特定金銭債権は、主に銀行や消費者金融などが有する債権です。
そのため、金融機関以外の法人や個人は通常依頼できません。
特定金銭債権以外の債権の回収または買い取りを依頼したい場合は、弁護士やファクタリング会社を検討してください。
債権の時効が過ぎている場合は、債権の回収または買い取りを依頼できない点にも注意が必要です。
債権の消滅時効は、民法で以下のように定められています。
(債権等の消滅時効)
第百六十六条 債権は、次に掲げる場合には、時効によって消滅する。
一 債権者が権利を行使することができることを知った時から五年間行使しないとき。
二 権利を行使することができる時から十年間行使しないとき。引用元:民法|e-Gov法令検索
時効がすでに完成している場合は、債権回収ができない点は覚えておきましょう。
時効がいつ完成するのか具体的に知りたい方は、弁護士に相談するのがおすすめです。
弁護士なら時効期間の計算を依頼できるほか、時効の完成を阻止する方法についてアドバイスしてもらうこともできます。
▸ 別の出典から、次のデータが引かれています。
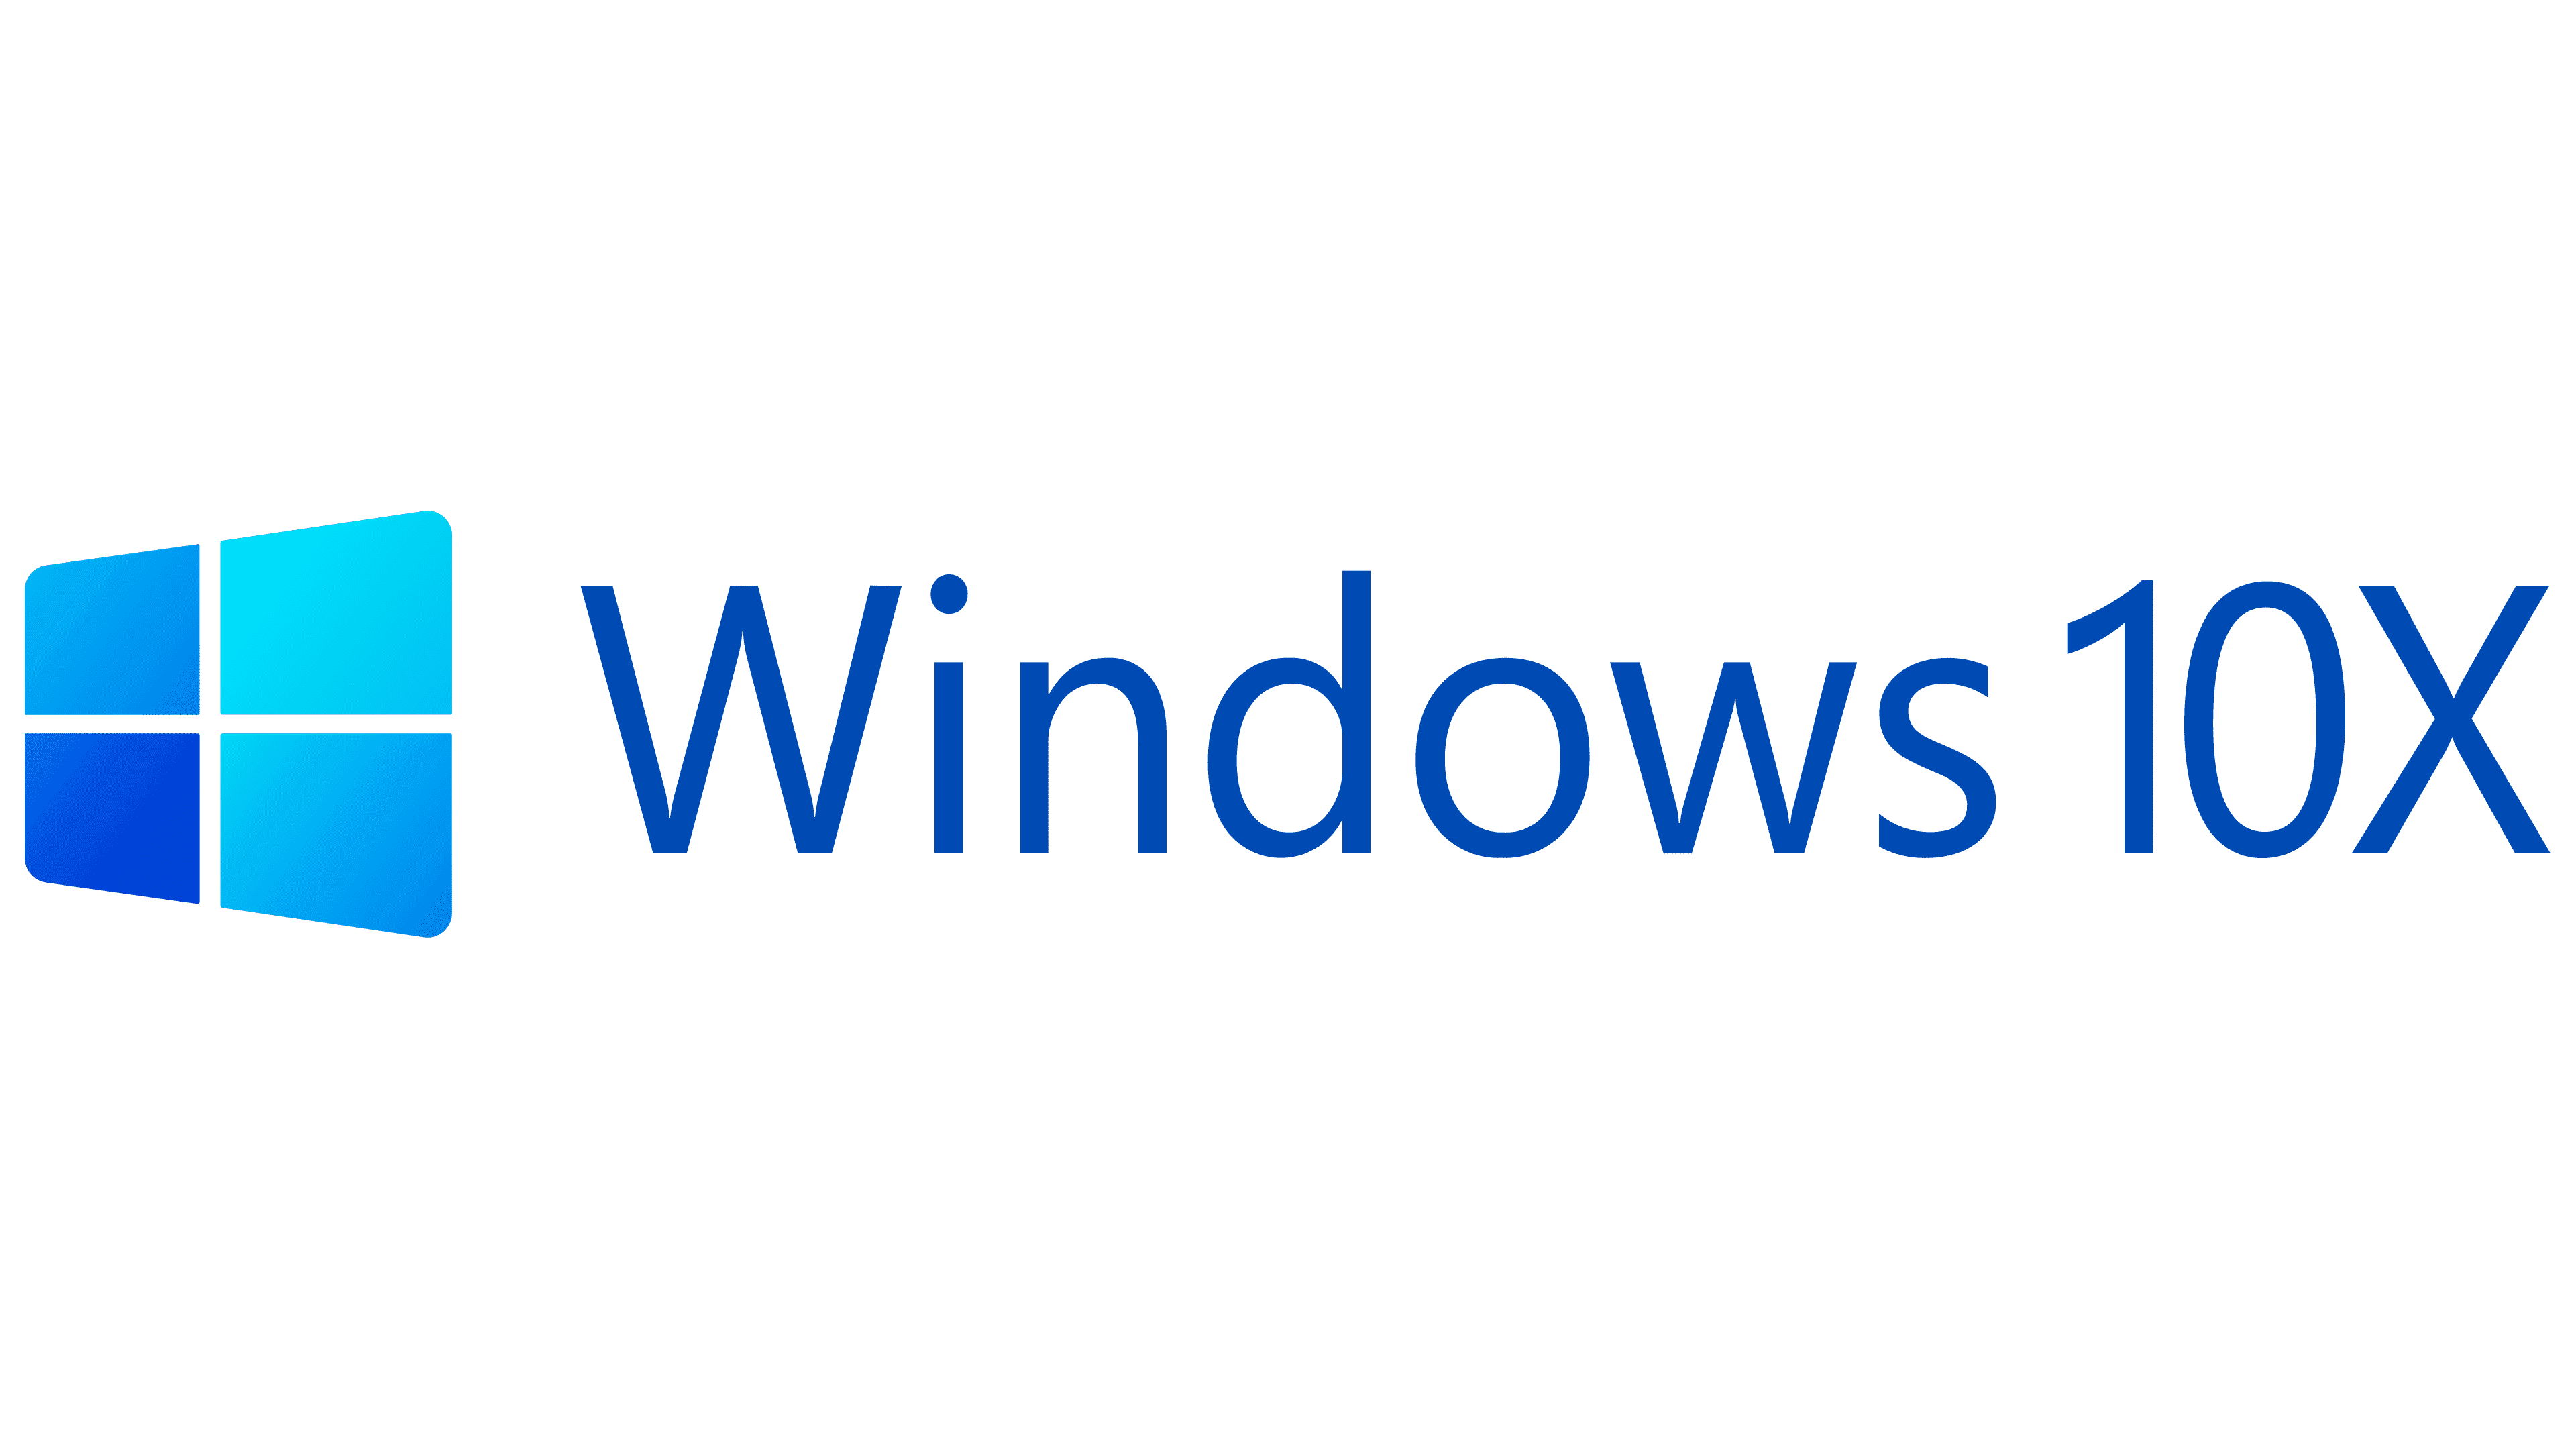 Windows 10X Logo Wallpaper

違法な債権回収会社に誤って依頼しないよう注意しましょう。
サービサー法に基づき、法務大臣の営業許可を得ていなければ債権回収会社と認められません。
違法な債権回収会社に依頼してしまうと、手数料を騙し取られるおそれがあります。
債権回収会社に依頼する前に、営業許可の有無を必ず確認するようにしましょう。
債権回収会社には、特定金銭債権の管理・回収を依頼できます。
ただし、特定金銭債権に当たるのは主に銀行や消費者金融などが有する貸付債権で、個人や一般企業が債権回収会社に依頼することは基本的にできません。
一般的な債権を回収したい場合は、法律事務所(弁護士)に依頼することをおすすめします。
法律事務所なら、特定金銭債権だけでなく幅広い債権の回収を依頼できます。
売掛金、個人間の貸付、滞納家賃および未払い診療費など、債権回収会社では取り扱っていない債権の回収をしたいなら、一度弁護士に相談してみるとよいでしょう。
「債権回収で困ったときは、債権回収会社に委託すれば解決してくれる」と考えている方もいるのではないでしょうか。
しかし債権回収会社が回収できるのは、特定の債権だけです。
個人的な債権や滞納家賃、売掛債権を依頼する事はできません。